Start of Data segment

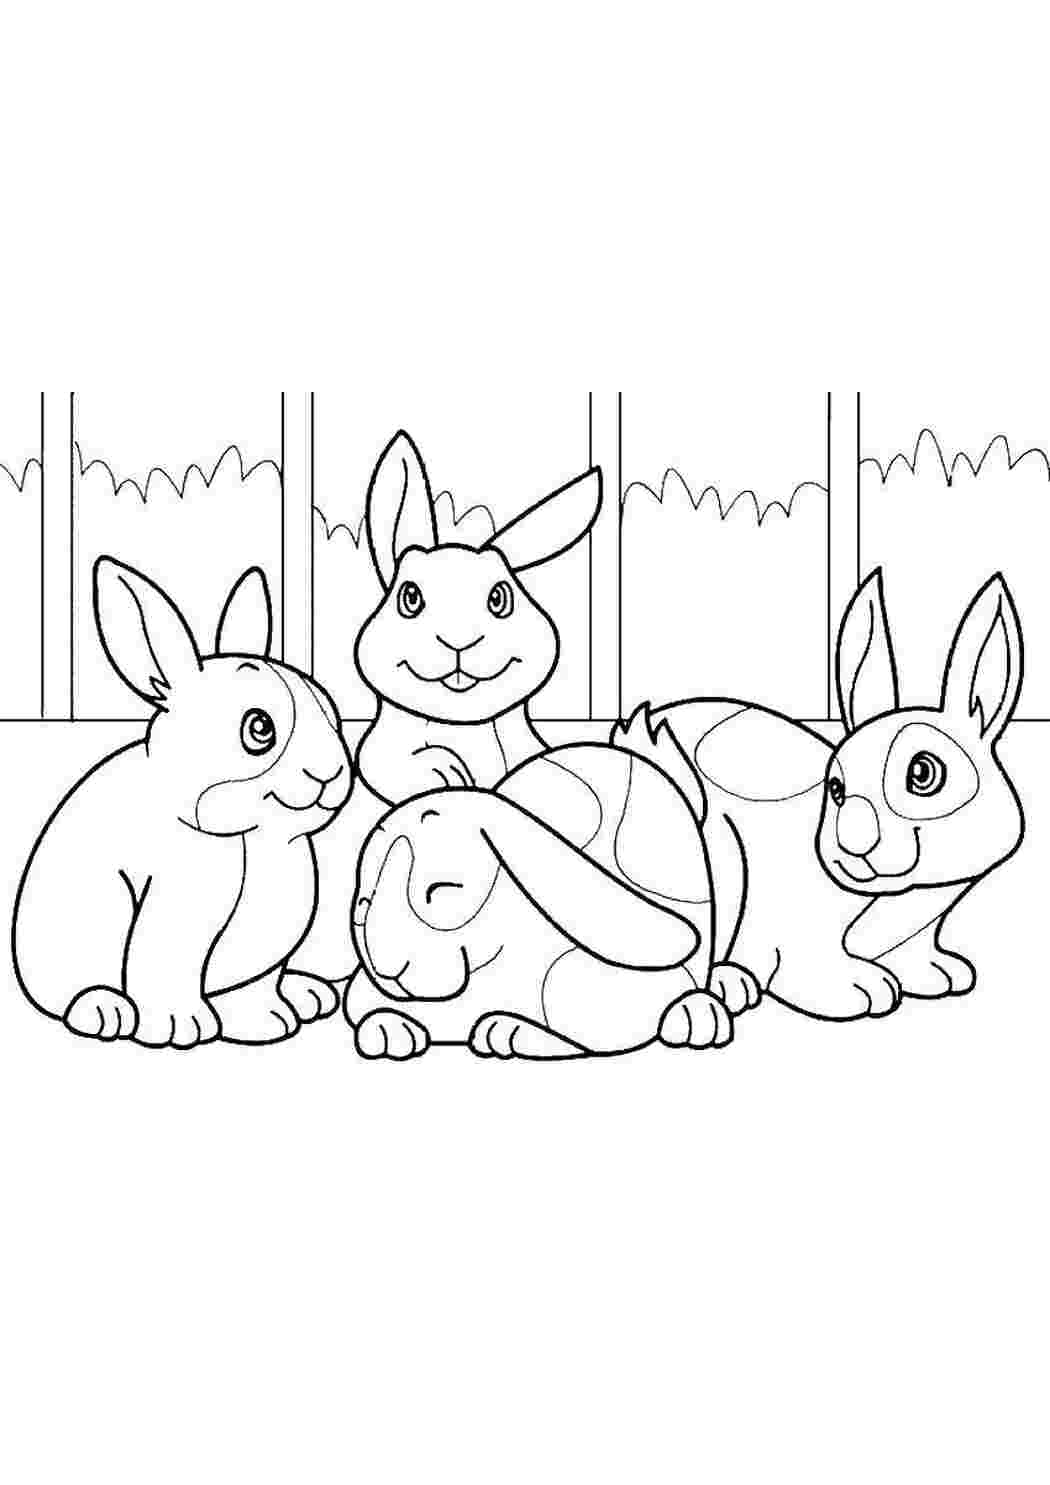 Кролик — раскраска для детей. Распечатать бесплатно.
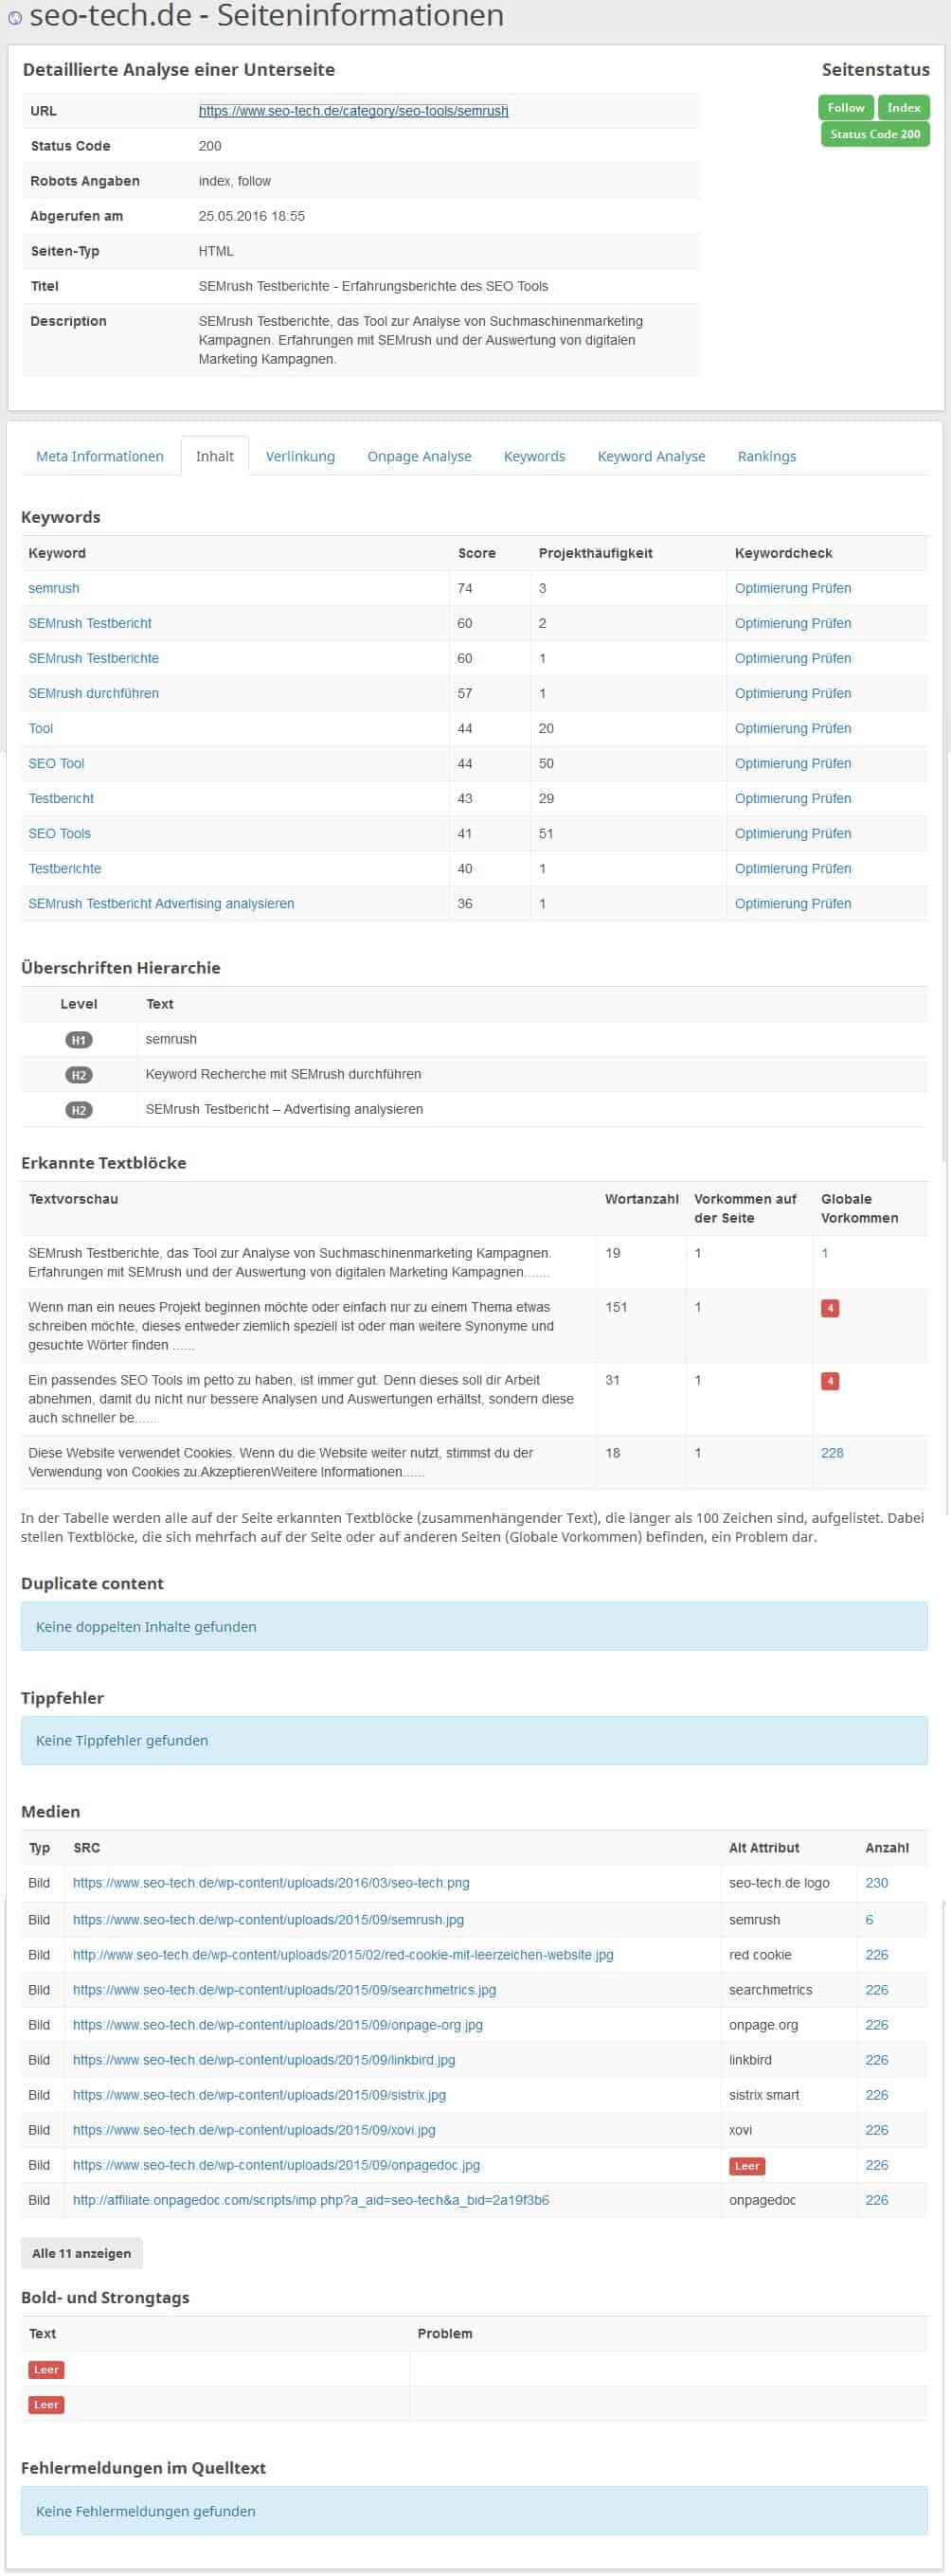 seobility Seiteninformationen Inhalt und keywords by seo-tech.de 
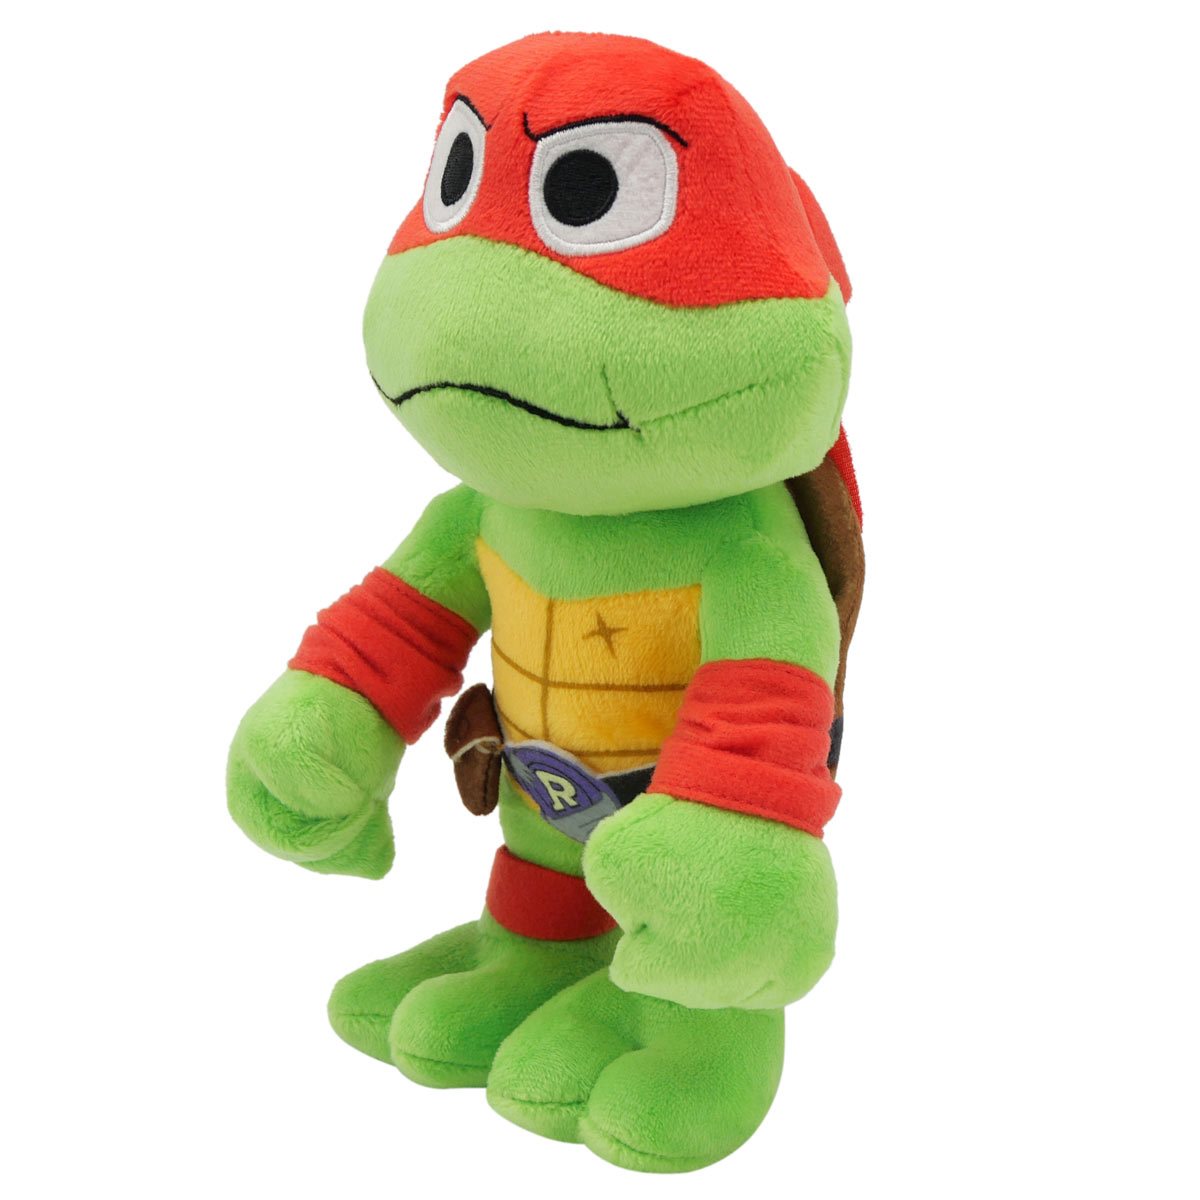 Teenage Mutant Ninja Turtles Raphael Junior Mocchi Plush

End of Data segment

When you copy the data, keep every line exact and drop the pictures.

- Response box:
 Кролик — раскраска для детей. Распечатать бесплатно.
 seobility Seiteninformationen Inhalt und keywords by seo-tech.de 
 Teenage Mutant Ninja Turtles Raphael Junior Mocchi Plush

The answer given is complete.